Let’s say we decide to adjudicate. We now need to build an app to let people vote on which one is “correct” — probably best of three or something like that. Freebase did this (multiple times) and I was involved in some of it. We called them “data games” and had leaderboards for who’d voted the most. We couldn’t get enough throughput, though, and sometimes by the time something had been adjudicated, another community member had edited the field on our site, thus invalidating the whole thing. We ended up paying people in developing countries to churn through these votes for us (we used ODesk, but you could use Amazon’s Mechanical Turk or whatever). However, they needed training, and weren’t cheap — even after all the work of setting up the voting queue, there was still considerable expense.

Do we let people edit the data after import?

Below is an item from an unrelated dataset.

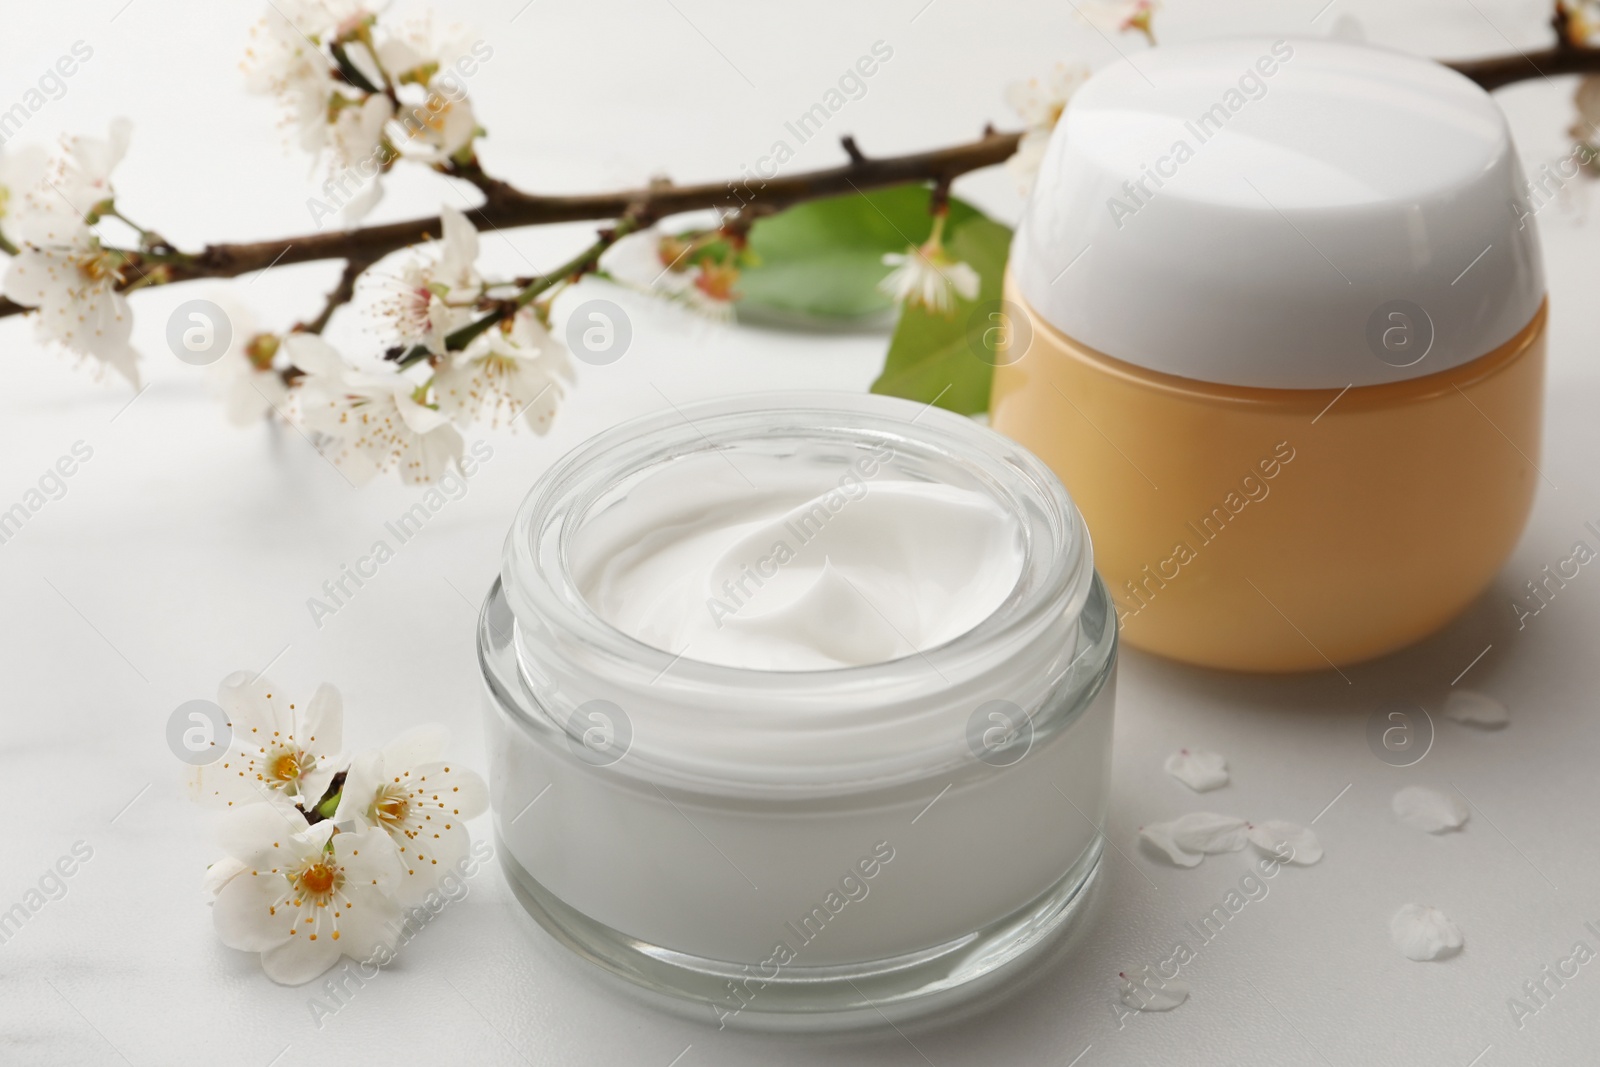 Photo of Jars of face cream, leaves, tree branch and flowers on white marble table

This came up quite often with Freebase because sometimes they would import from “authoritative sources” who licensed their work specially to Freebase but didn’t generally have a CC license or an open community editing process. For instance, the time when I was talking to some people from the BBC, and one (an older dude) said, “If we gave you our programme data, we wouldn’t want anyone to edit it because we are the experts on our programmes.” This was pretty silly of course — another, younger BBC dude immediately turned to him and said “Ha ha ha, I’ve got two words for you: Doctor Who.” — but sadly these situations are common when you’re dealing with closed/non-community-based/”authoritative” data sources who don’t understand the power of crowdsourcing information.

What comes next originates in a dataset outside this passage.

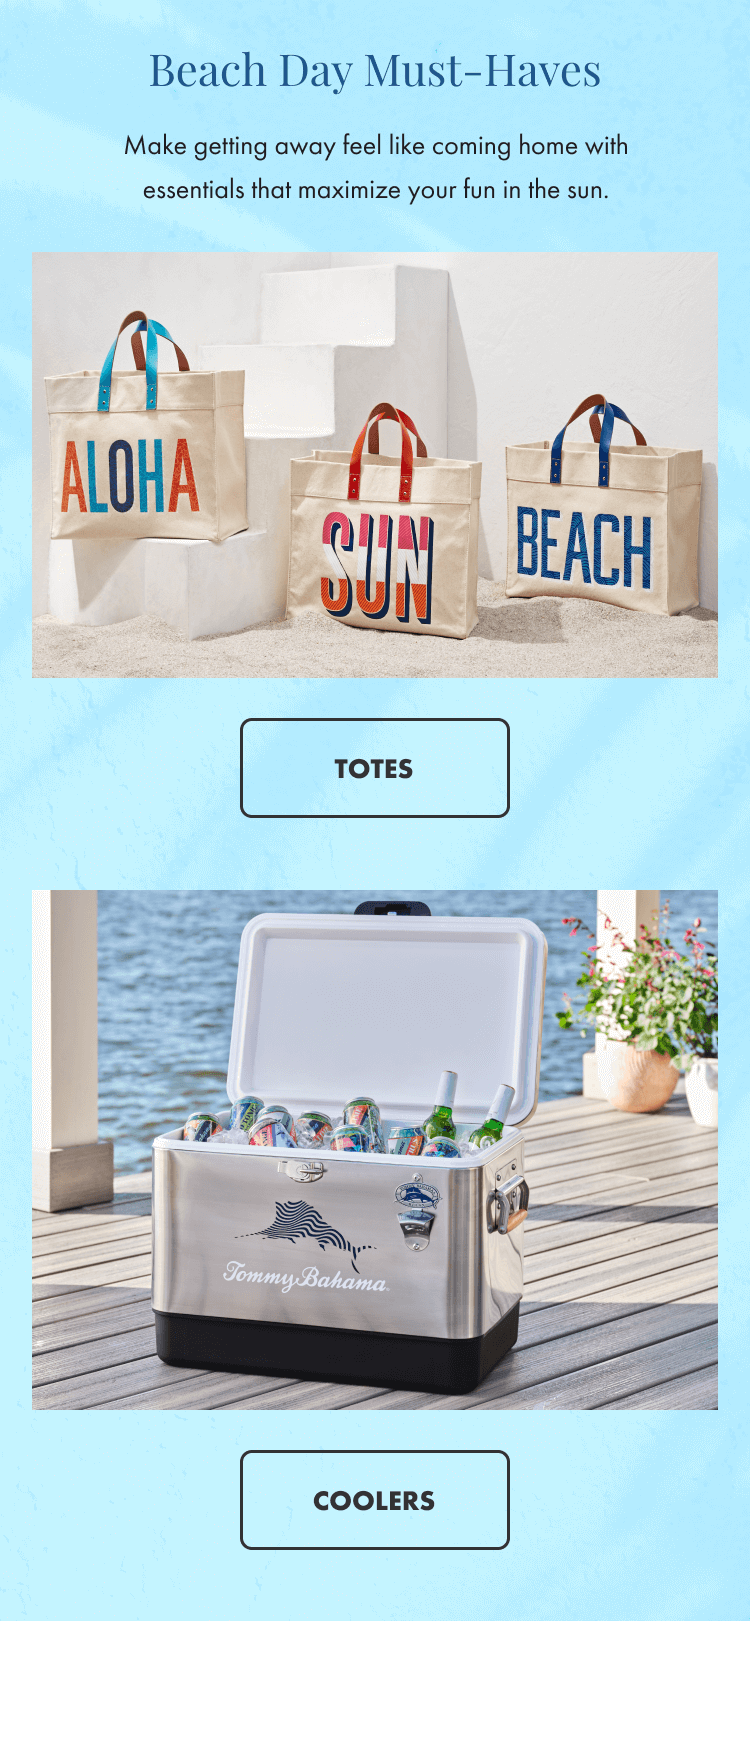 Beach Day Must-Haves - Totes & Coolers

But even when dealing with compatibly CC-licensed sources with open developer communities, there can still be some problems around the “authority” of the data and how it’s attributed.

Take the case where Katie’s Plants community have spent heaps of time editing their data and are very proud of it. We import it to Growstuff, then our community looks at it and decides that bits of it are wrong and change it.

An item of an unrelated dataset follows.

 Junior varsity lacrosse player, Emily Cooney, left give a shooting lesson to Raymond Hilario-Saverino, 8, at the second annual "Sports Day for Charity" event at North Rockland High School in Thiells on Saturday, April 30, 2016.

Do we leave the license link to Katie’s Plants intact? Most likely yes, because our data has theirs in its DNA, so to speak. But what if we essentially deleted all the data from there? This might happen if, for example, we’d imported a picture from Wikimedia Commons then found that the picture was incorrect or inappropriate, so we blew it away. Now we should probably remove the license note. But how do you tell when data has been completely removed as opposed to modified or built upon?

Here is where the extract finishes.